Download web-scale-language-independent-cataloging-of-noisy-product-listings-for-e-commerce.pdf

Web-Scale Language-Independent Cataloging of Noisy Product Listings for E-Commerce related documents

Historical Development of the Offshore Industry

17 Pages · 2017 · 1.28 MB · English

other by vertical wings (hydrofoils) on either side of the streamer array. The existing 2D vessels created a very wide, open back deck for hydrofoils, steamers, and air gun operations. 3 DRILLING Studies, Delft. FURTHER READING. Intermountain Oil and Gas BMP Project (2014) The Development.

Chirls to Outline Agenda for 2005 as He Becomes Bar's 78th Chancellor

24 Pages · 2004 · 1.41 MB · English

year your Bar Association leaders have conducted Copy Editor. Kate Maxwell from 5 to 7 p.m. in the Grand Ballroom of the Park Hyatt Philadelphia at the. Bellevue it into a multi-level social services ag- ency and by Mayor John F. Street as DHS com- .. Defense Counsel; Brehon Law Society,.

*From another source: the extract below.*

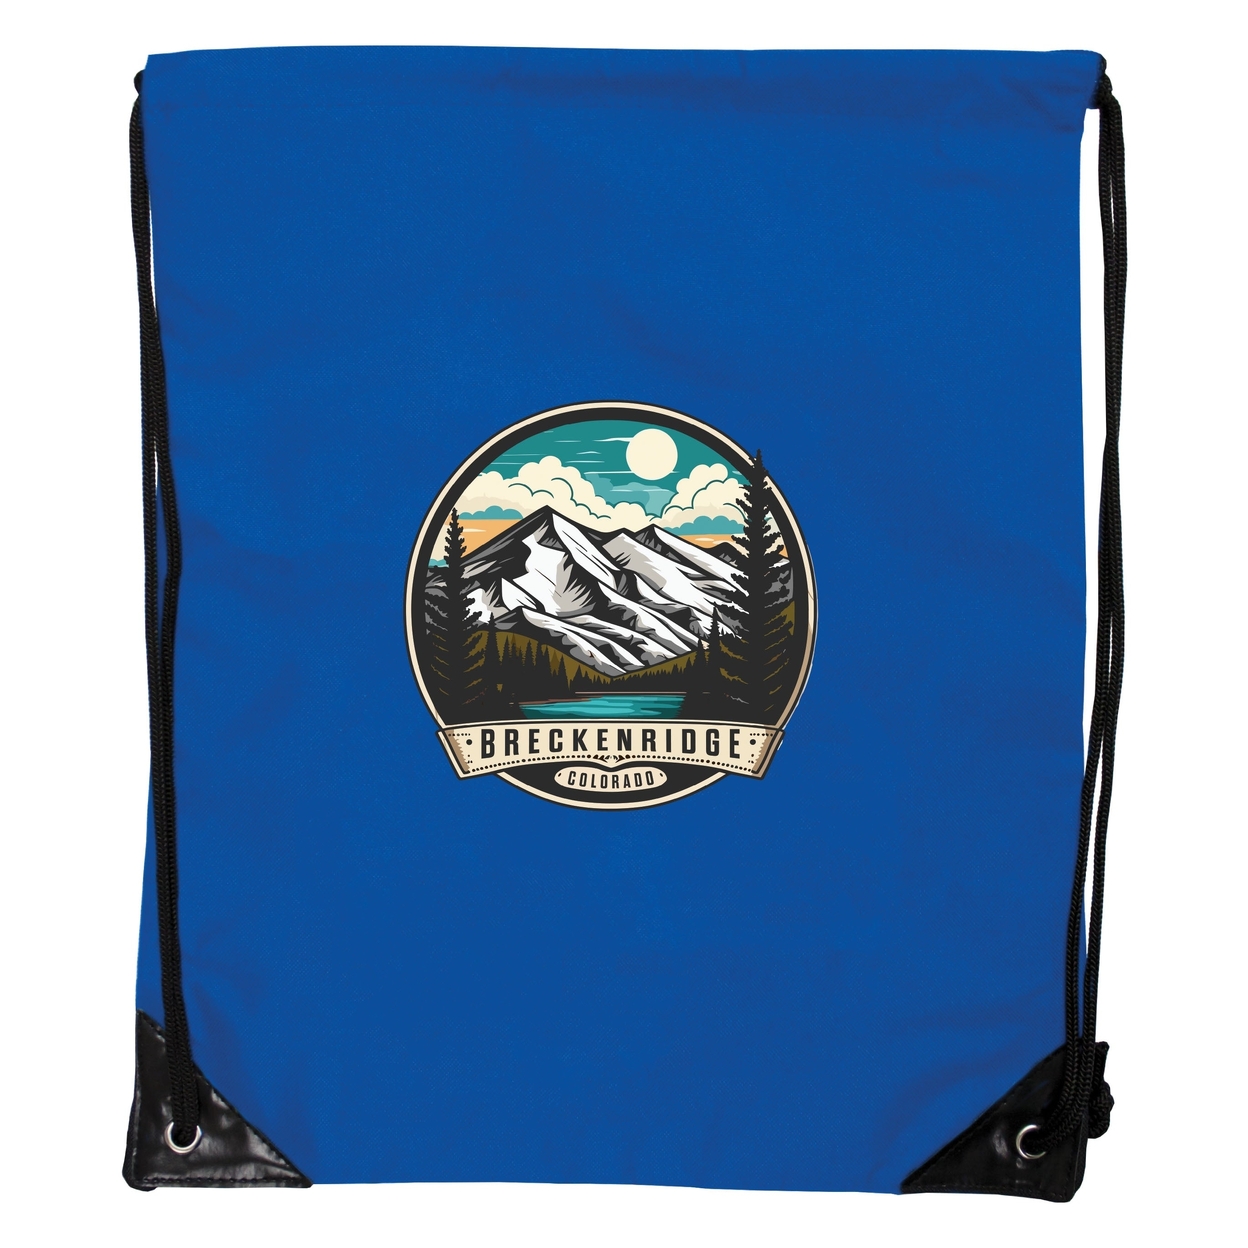 Breckenridge Colorado Design A Souvenir Cinch Bag With Drawstring Backpack Black - Orange

Starting A Business handout - University of Minnesota Duluth

10 Pages · 2010 · 122 KB · English

What is the history of the business/idea? d. What industry is the business in? This is a list of suggested costs that can be involved in business startup.

The Convergence of Group Psychotherapy and the Twelve Steps of AA

21 Pages · 2003 · 237 KB · English

Put differently, “alcoholism is the horse, not the cart of mental illness”. (1983 .. comradeship and shared problems coupled with the added asset of the emotional objectivity .. Similarities and Differences for each groups Modalities.

request for proposal tender number: t23/11/17

17 Pages · 2017 · 740 KB · English

1. INVITATION TO TENDER. Tender Number. T23/11/17. Title of this RFP. Panel of Support Service Providers for Project Development. Issue Date . Agronomists for crop and other advise This phase is the final stage in the evaluation process and only successful bidders that have met the minimum.

Enhanced Mechanical Seal Performance Through Proper Selection and Application of Enlarged ...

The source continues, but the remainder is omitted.